**TASK DETAILS**
The lines to reproduce run from the one containing "針對易累手腳冰冷、氣血兩虛體" through the final line of the entries; write them out exactly and add nothing.

Data entries:
········
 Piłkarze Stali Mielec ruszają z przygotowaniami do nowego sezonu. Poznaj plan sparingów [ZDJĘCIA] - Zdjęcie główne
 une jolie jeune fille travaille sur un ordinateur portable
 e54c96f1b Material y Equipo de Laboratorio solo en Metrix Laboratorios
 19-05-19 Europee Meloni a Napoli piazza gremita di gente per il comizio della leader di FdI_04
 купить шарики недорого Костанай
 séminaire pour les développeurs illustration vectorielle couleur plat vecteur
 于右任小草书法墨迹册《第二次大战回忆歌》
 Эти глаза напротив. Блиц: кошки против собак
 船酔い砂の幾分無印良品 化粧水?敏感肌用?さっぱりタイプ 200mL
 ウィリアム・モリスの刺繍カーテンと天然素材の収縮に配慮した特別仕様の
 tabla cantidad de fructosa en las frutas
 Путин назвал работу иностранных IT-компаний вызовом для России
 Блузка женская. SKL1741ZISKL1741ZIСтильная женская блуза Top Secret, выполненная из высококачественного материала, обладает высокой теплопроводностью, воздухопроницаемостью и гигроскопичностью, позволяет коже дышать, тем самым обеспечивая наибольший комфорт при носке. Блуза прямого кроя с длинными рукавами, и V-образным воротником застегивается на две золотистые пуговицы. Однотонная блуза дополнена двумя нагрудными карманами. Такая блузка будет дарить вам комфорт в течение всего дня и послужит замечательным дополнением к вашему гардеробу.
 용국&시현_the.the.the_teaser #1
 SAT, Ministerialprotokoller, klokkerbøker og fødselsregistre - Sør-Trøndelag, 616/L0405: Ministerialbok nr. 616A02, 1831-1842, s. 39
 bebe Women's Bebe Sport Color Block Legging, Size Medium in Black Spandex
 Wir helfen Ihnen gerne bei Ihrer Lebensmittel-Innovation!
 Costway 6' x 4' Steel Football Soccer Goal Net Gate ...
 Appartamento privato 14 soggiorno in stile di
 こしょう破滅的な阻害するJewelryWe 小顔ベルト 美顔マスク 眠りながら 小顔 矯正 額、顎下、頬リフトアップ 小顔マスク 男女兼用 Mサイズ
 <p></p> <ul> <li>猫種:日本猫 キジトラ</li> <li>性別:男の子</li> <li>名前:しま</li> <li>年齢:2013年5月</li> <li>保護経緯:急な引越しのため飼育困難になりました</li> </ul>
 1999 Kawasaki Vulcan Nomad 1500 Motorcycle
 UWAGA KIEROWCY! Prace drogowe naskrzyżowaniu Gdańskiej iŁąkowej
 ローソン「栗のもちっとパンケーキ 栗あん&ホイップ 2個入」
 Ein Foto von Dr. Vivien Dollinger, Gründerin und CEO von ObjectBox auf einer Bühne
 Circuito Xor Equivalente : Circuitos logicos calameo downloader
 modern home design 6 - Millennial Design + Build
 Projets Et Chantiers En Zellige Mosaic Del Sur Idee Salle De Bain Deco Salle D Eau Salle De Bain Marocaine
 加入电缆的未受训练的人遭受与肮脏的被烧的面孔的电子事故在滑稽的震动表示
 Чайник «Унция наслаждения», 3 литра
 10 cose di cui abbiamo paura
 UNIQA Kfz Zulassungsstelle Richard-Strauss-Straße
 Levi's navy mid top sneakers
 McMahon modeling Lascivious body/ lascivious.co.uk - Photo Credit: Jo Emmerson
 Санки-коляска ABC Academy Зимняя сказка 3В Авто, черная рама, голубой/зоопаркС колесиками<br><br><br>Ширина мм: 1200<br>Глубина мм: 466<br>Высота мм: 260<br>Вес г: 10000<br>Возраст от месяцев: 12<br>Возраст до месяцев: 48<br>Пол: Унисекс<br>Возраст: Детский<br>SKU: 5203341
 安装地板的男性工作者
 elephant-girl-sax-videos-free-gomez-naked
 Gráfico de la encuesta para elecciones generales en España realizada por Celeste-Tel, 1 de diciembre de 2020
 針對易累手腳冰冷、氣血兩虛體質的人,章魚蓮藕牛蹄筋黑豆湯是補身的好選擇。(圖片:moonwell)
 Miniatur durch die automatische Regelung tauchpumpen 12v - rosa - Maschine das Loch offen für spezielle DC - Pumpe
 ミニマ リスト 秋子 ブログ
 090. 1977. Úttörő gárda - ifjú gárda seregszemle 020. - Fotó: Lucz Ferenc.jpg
········
**TASK RESULT**
 針對易累手腳冰冷、氣血兩虛體質的人,章魚蓮藕牛蹄筋黑豆湯是補身的好選擇。(圖片:moonwell)
 Miniatur durch die automatische Regelung tauchpumpen 12v - rosa - Maschine das Loch offen für spezielle DC - Pumpe
 ミニマ リスト 秋子 ブログ
 090. 1977. Úttörő gárda - ifjú gárda seregszemle 020. - Fotó: Lucz Ferenc.jpg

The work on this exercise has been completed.